Arrestati tre fratelli a Laureana di Borrello per porto abusivo di armi e munizioni

Arresti e denunce dei carabinieri anche a Gioia Tauro e San Ferdinando

Continuano le attività di controllo in tutta la Piana di Gioia Tauro disposte dal Comando Provinciale Carabinieri di Reggio Calabria; anche nelle ultima settimana sono state impiegate numerose pattuglie della Compagnia dei carabinieri di Gioia Tauro diretta dal Tenente Gabriele Lombardo, impegnate in controlli, perlustrazioni e perquisizioni nelle aree urbane e pre- aspromontane.

A partire da sabato scorso i militari della Compagnia di Gioia Tauro hanno intensificato l’azione preventiva e repressiva sul territorio passando al setaccio le aree ritenute più sensibili: sono state interessate dai controlli le principali vie del quartiere Marina di Gioia Tauro nonché le aree più degradate di Rosarno e delle aree rurali ai confini con i territori di Laureana di Borrello e Serrata.

Real
Real
Real

Circa 250 le persone complessivamente controllate e 60 le perquisizioni personali e domiciliari effettuate nel corso della settimana.

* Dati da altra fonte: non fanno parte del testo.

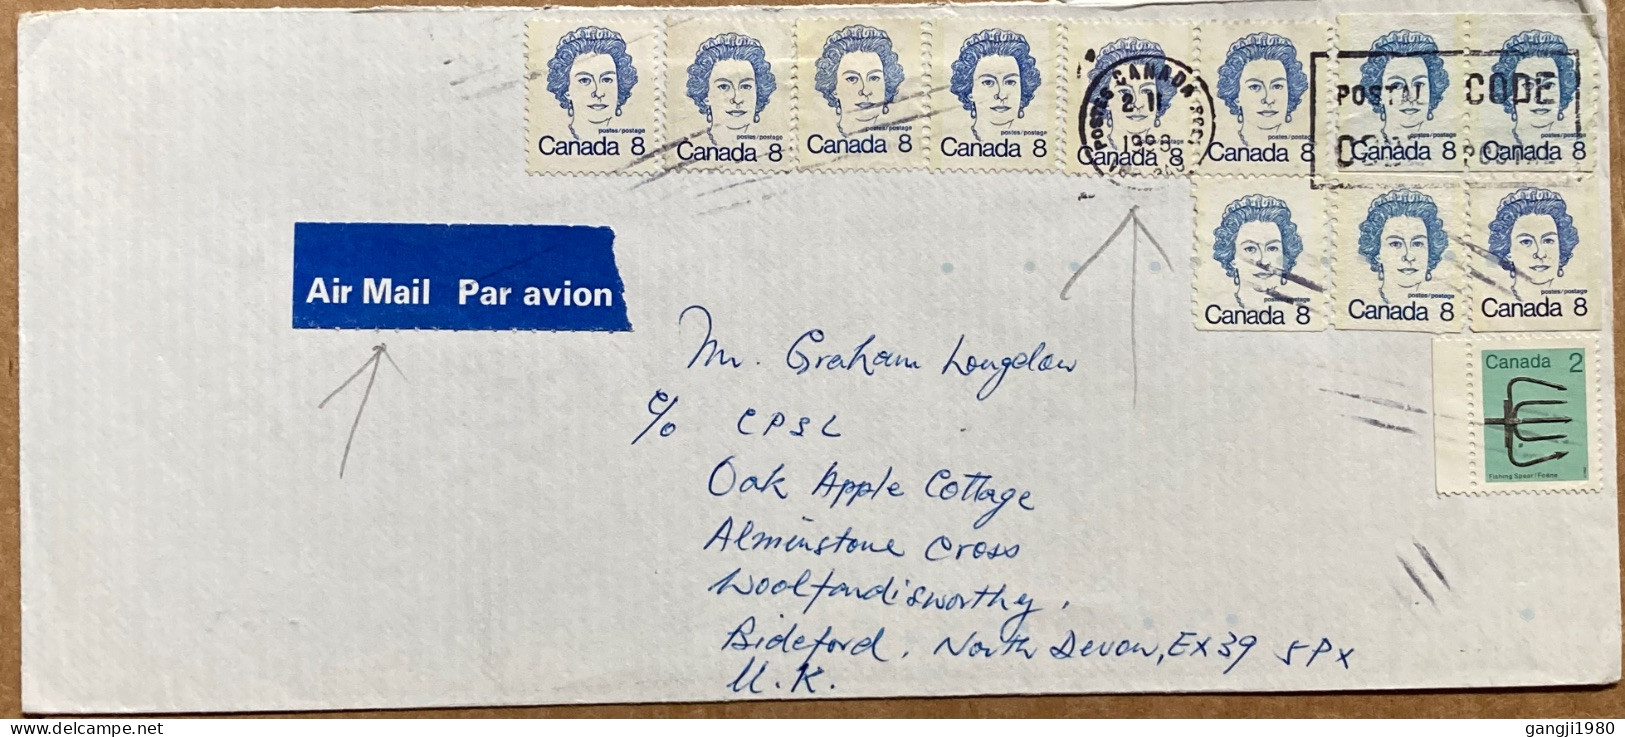 CANADA 1988, COVER USED TO ENGLAND, MULTI 12 STAMP, QUEEN & FISHING SPEAR, POST CODE, MACHINE SLOGAN CANCEL. - Storia Postale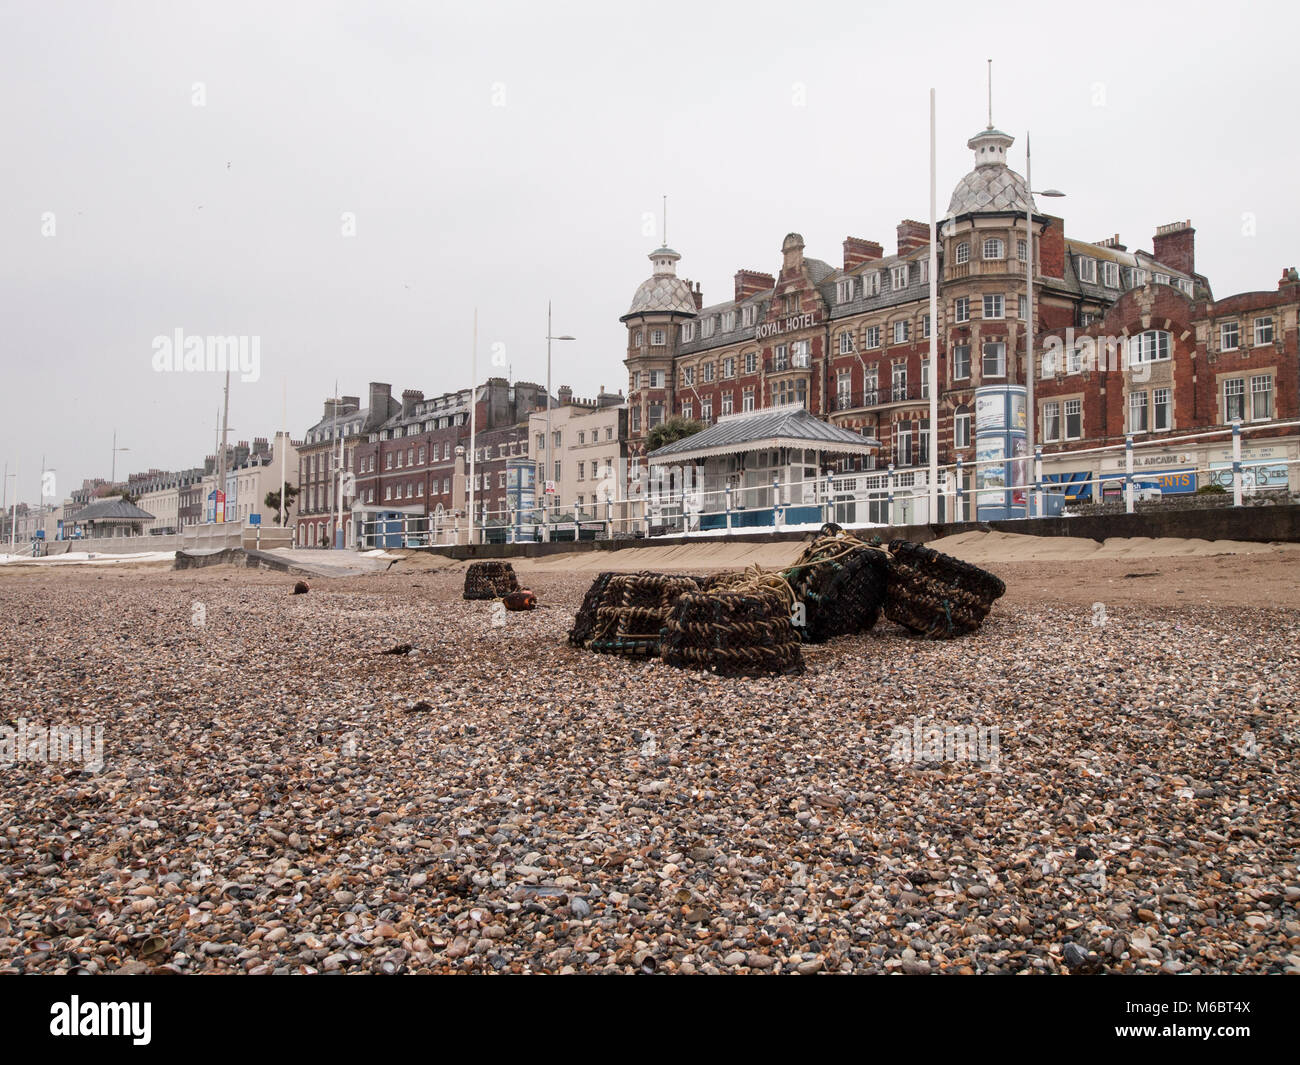 Lobster pots washed out on Weymouth beach. Royal hotel in the background Stock Photo

Sabato scorso, in contrada Signori di Laureana di Borrello, i militari della stazione di Serrata e della tenenza di Rosarno, insieme al personale dello Squadrone Eliportato Cacciatori di Calabria di Vibo Valentia, hanno arrestato in flagranza di reato, i tre fratelli Gianluca, Gaetano e Giacomo Galluccio, rispettivamente di 44, 51 e 56 anni, perché durante una perquisizione domiciliare in un casolare di loro proprietà, sono stati trovati un fucile a canne mozze con matricola punzonata calibro 16, una pistola calibro 7,65 con matricola abrasa, 31 cartucce calibro 16, 38 cartucce calibro 9X19 parabellum, 10 cartucce 9 corto e 10 cartucce calibro 7,65, materiale tutto sottoposto a sequestro probatorio.

Per gli arrestati, al termine delle formalità di rito, sono stati disposti gli arresti domiciliari in attesa della convalida del giudice che, valutati gli elementi indizianti raccolti dalla polizia giudiziaria, ha convalidato gli arresti confermando la misura cautelare degli arresti domiciliari.

Martedì 14 marzo, a Laureana di Borrello i militari della stazione hanno arrestato in flagranza di reato la 34 enne Giuseppina Condino, ritenuta responsabile del reato di furto aggravato di energia elettrica in quanto, tramite allaccio abusivo diretto alla rete pubblica avrebbe alterato il consumo di energia elettrica per alimentare la propria abitazione. La donna, incensurata, dopo le formalità di rito è stata rimessa in libertà,

A San Ferdinando mercoledì 15 marzo i carabinieri della stazione in ottemperanza all’ordinanza di applicazione di misura cautelare dei domiciliari emessa dal Tribunale di Reggio Calabria hanno arrestato Domenico Barbieri, di anni 53, ritenuto responsabile di diverse violazioni commesse negli ultimi mesi. La misura cautelare giunge al termine di una mirata attività istruttoria svolta dalla stazione di San Ferdinando che, durante il mese di febbraio 2017, ha accertato diverse violazioni alla misura dell’obbligo di dimora da parte di Barbieri che, in alcune circostanze, avrebbe mantenuto atteggiamenti spavaldi e provocatori anche nei confronti delle forze dell’ordine preposte al suo controllo.

Infine, questa mattina circa 60 militari della locale Compagnia di Gioia Tauro, col supporto delle compagnie limitrofe e dello Squadrone eliportato Cacciatori di Calabria, hanno blindato da nord a sud la Marina di Gioia Tauro effettuando perquisizioni e posti di controllo a tappeto. Nel corso del servizio sono state controllate circa 100 persone e 40 veicoli, effettuate numerose perquisizioni domiciliari e personali ed elevate sanzioni amministrative per violazione delle norme sulla circolazione stradale per un ammontare di 2mila euro circa.

In tale contesto, i militari della Compagnia hanno arrestato Rosario Martinone, di 56 anni, ritenuto responsabile di furto aggravato in quanto, in modo fraudolento, tramite manomissione del contatore, avrebbe alterato il consumo di acqua della propria abitazione.

E ancora, altre 3 persone sono state denunciante in stato di libertà per i reati di porto abusivo di armi, ricettazione, sostituzione di persona, falsa attestazione e false dichiarazioni sulla propria identità.